WORK ORDER:
Each line of the material below is to be written out exactly. Leave out any picture.

DATA BLOCK:
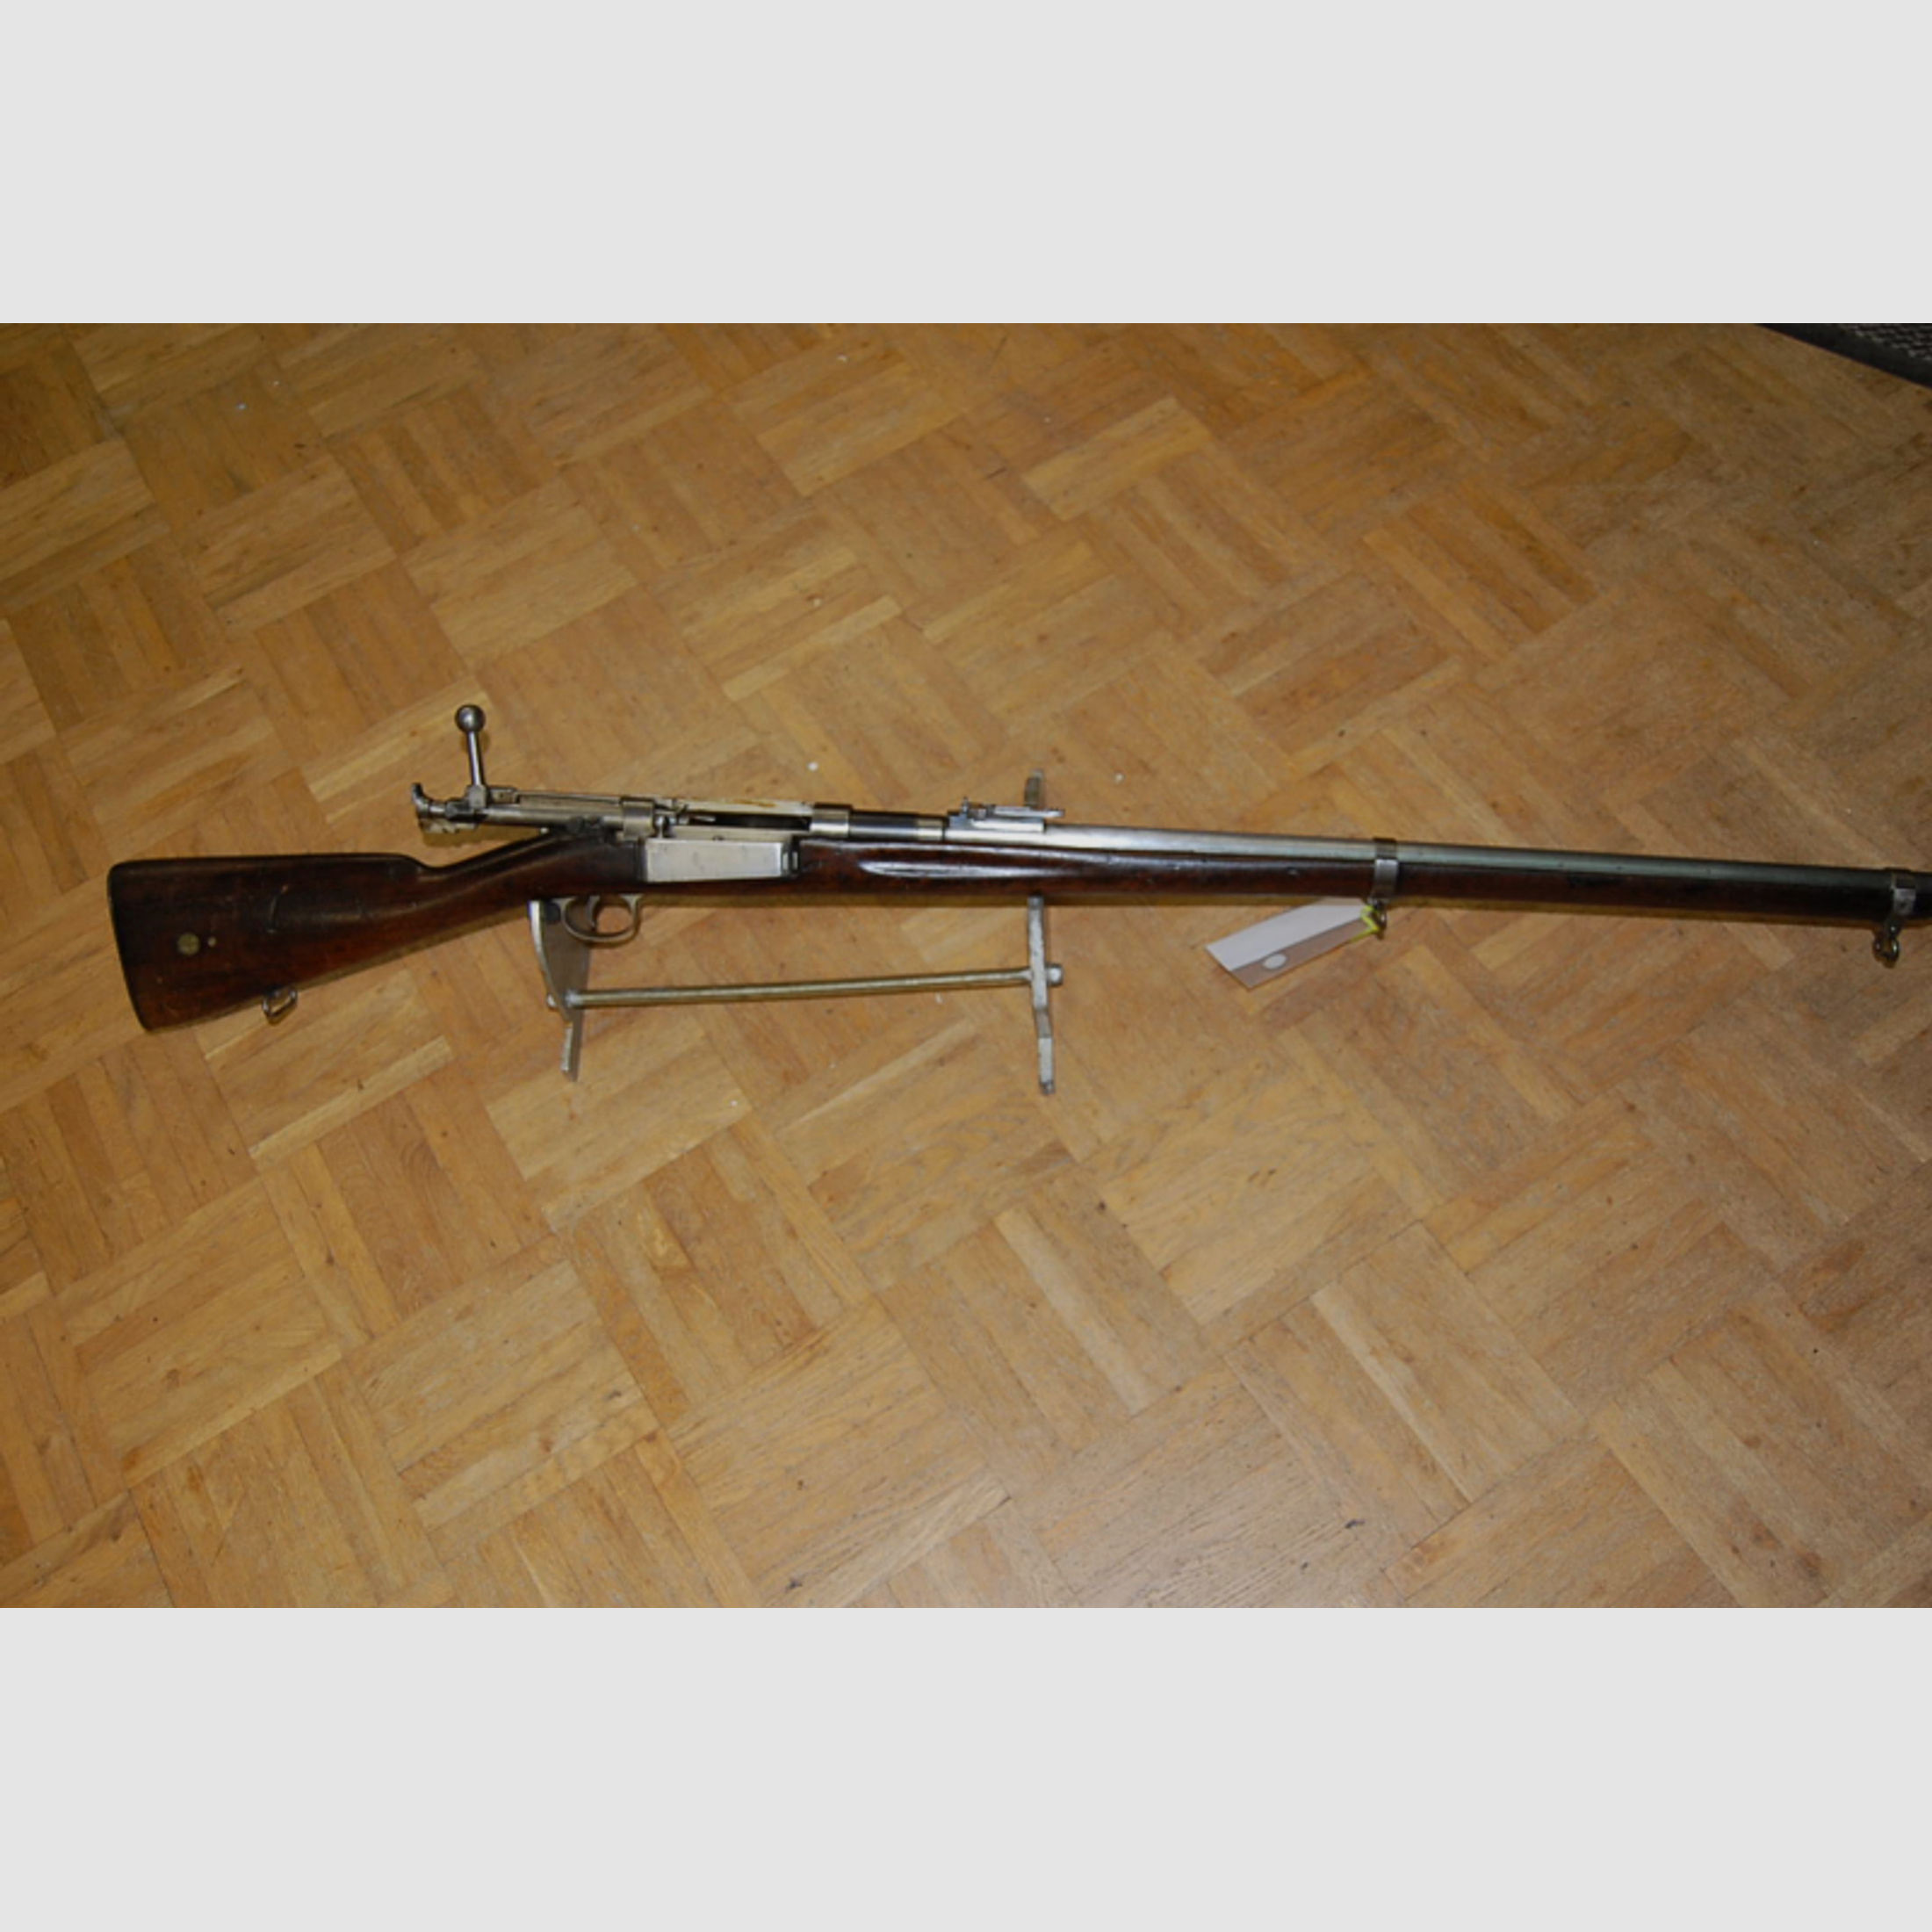 Ordonnanzwaffe Gewehr Krag Jörgensen M 1894 Kal 8x58mm R Nrgl aus Sammlung
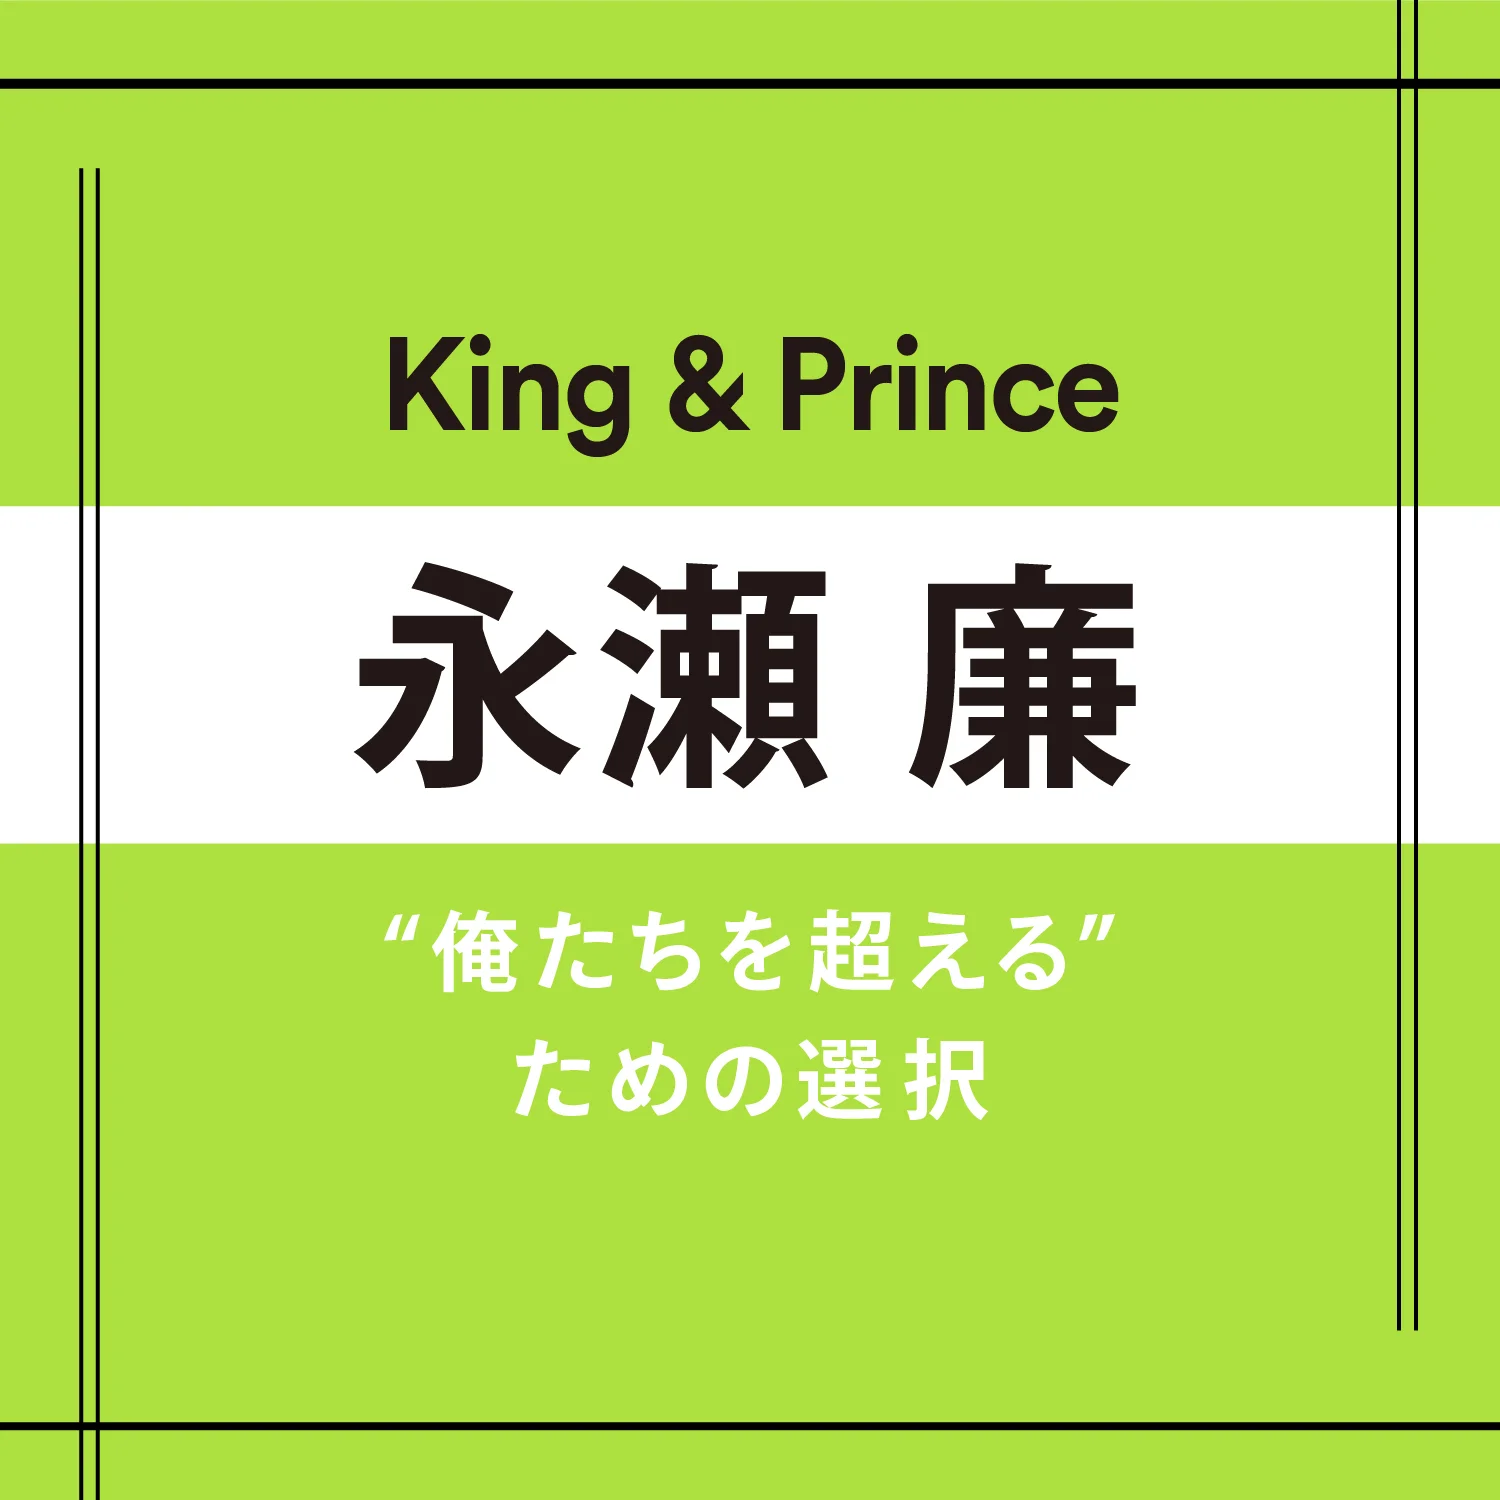 【King &amp; Prince】永瀬 廉さん「ときに流れに乗ることも大事だと思っています」 
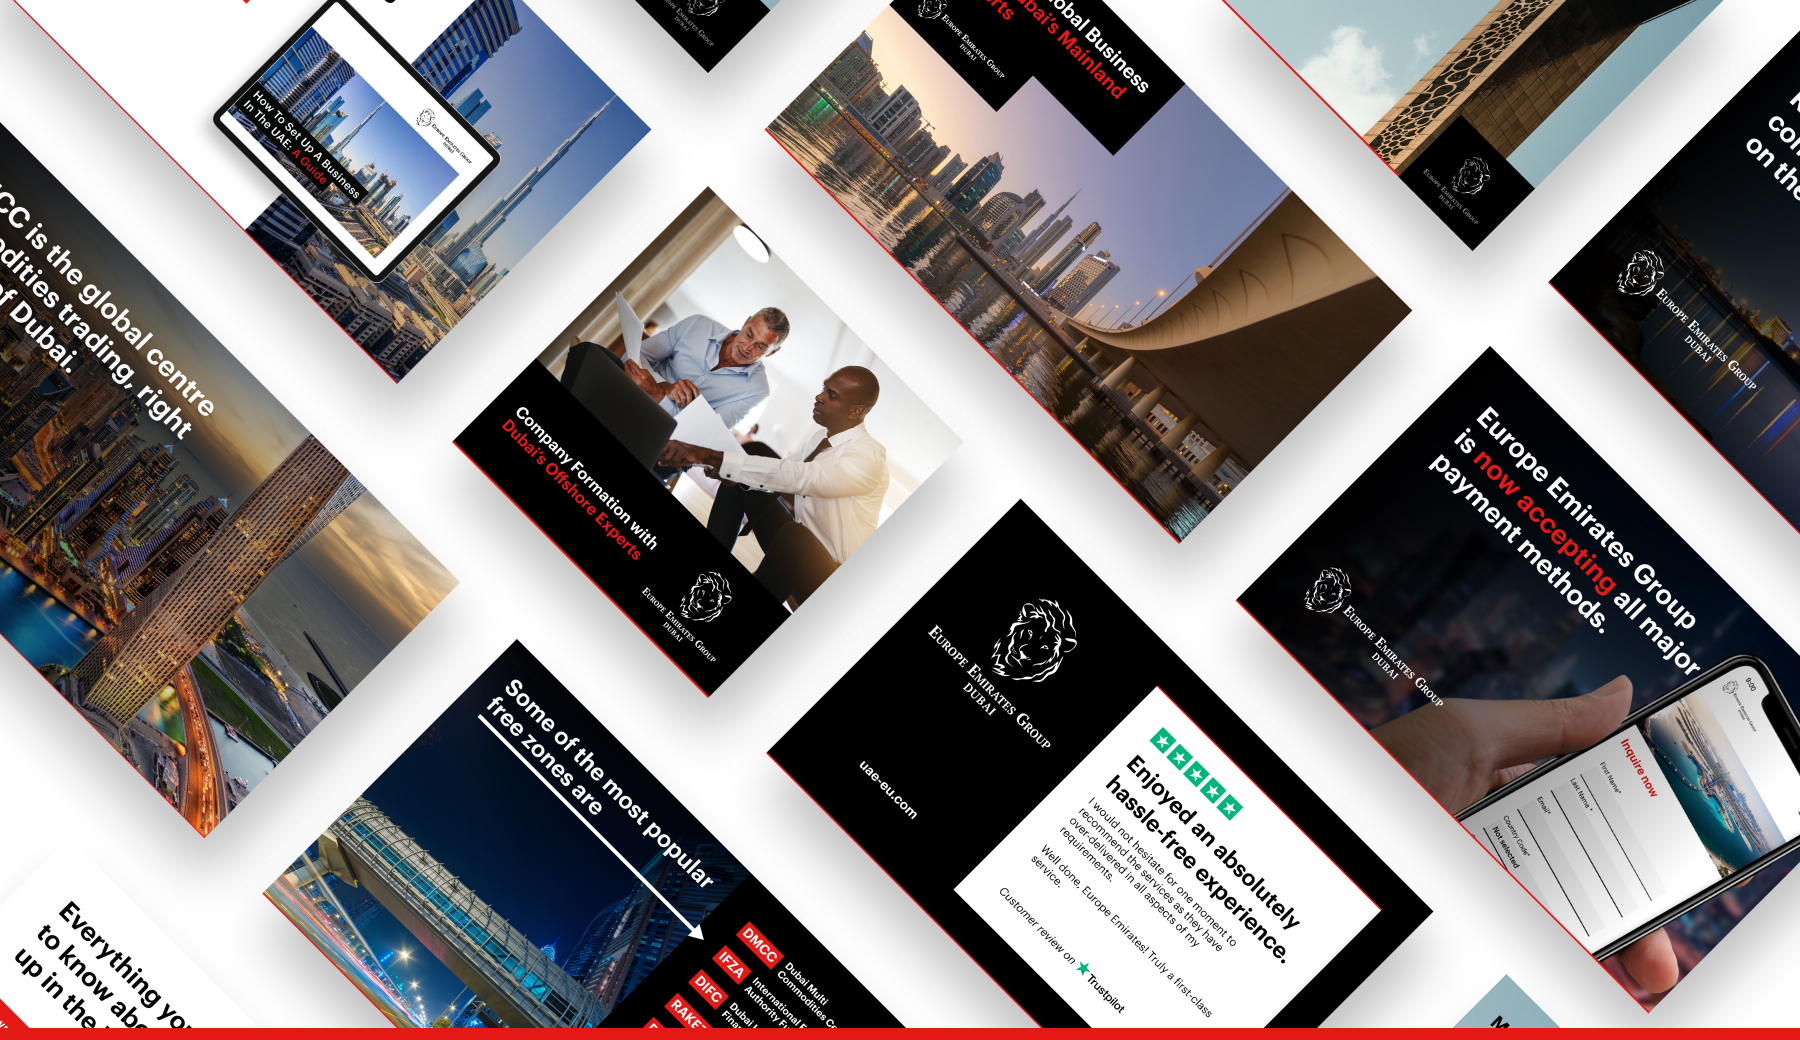 Europe Emirates Group: Digital Marketing case study
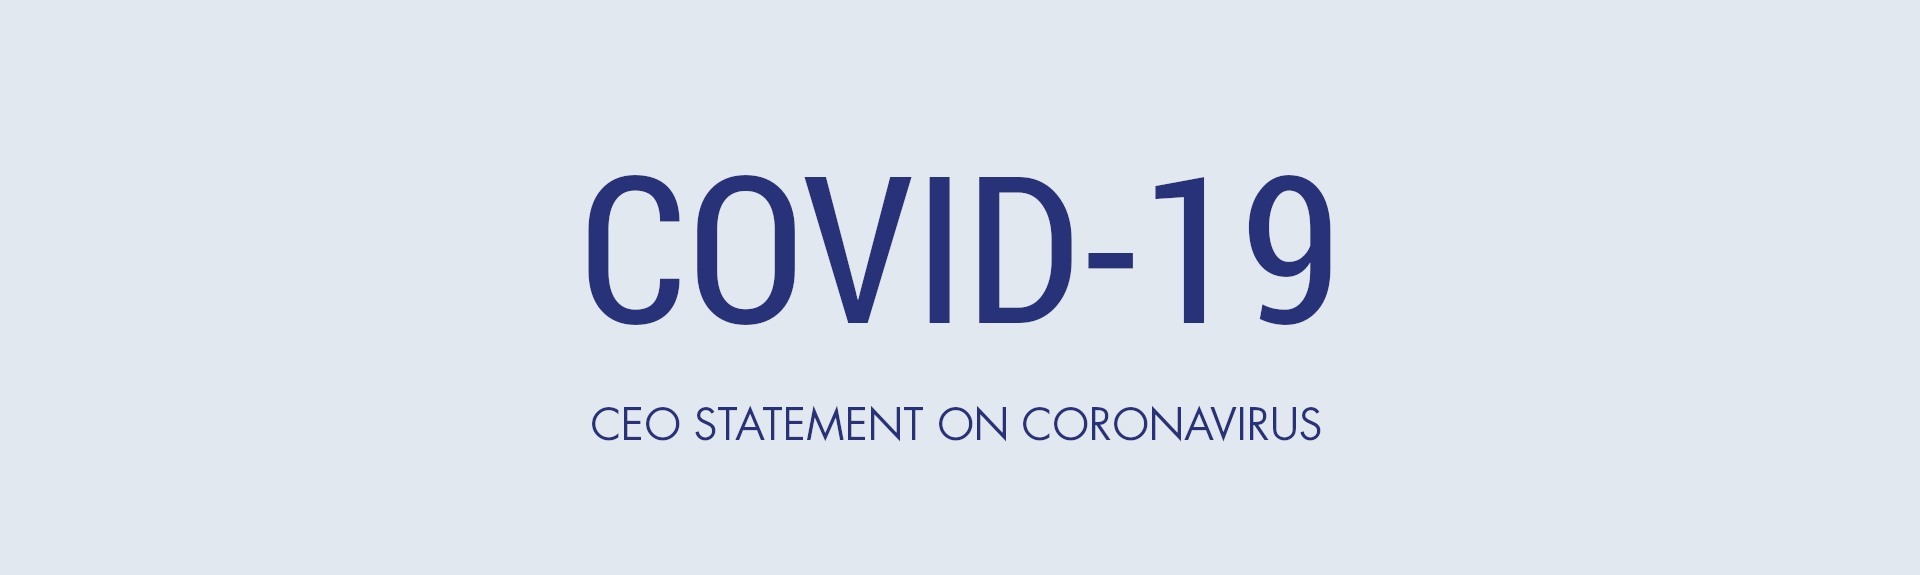 CEO statement on coronavirus

FINISHED EXERCISE:
 Ordonnanzwaffe Gewehr Krag Jörgensen M 1894 Kal 8x58mm R Nrgl aus Sammlung
 【King &amp; Prince】永瀬 廉さん「ときに流れに乗ることも大事だと思っています」 
 Europe Emirates Group: Digital Marketing case study
 CEO statement on coronavirus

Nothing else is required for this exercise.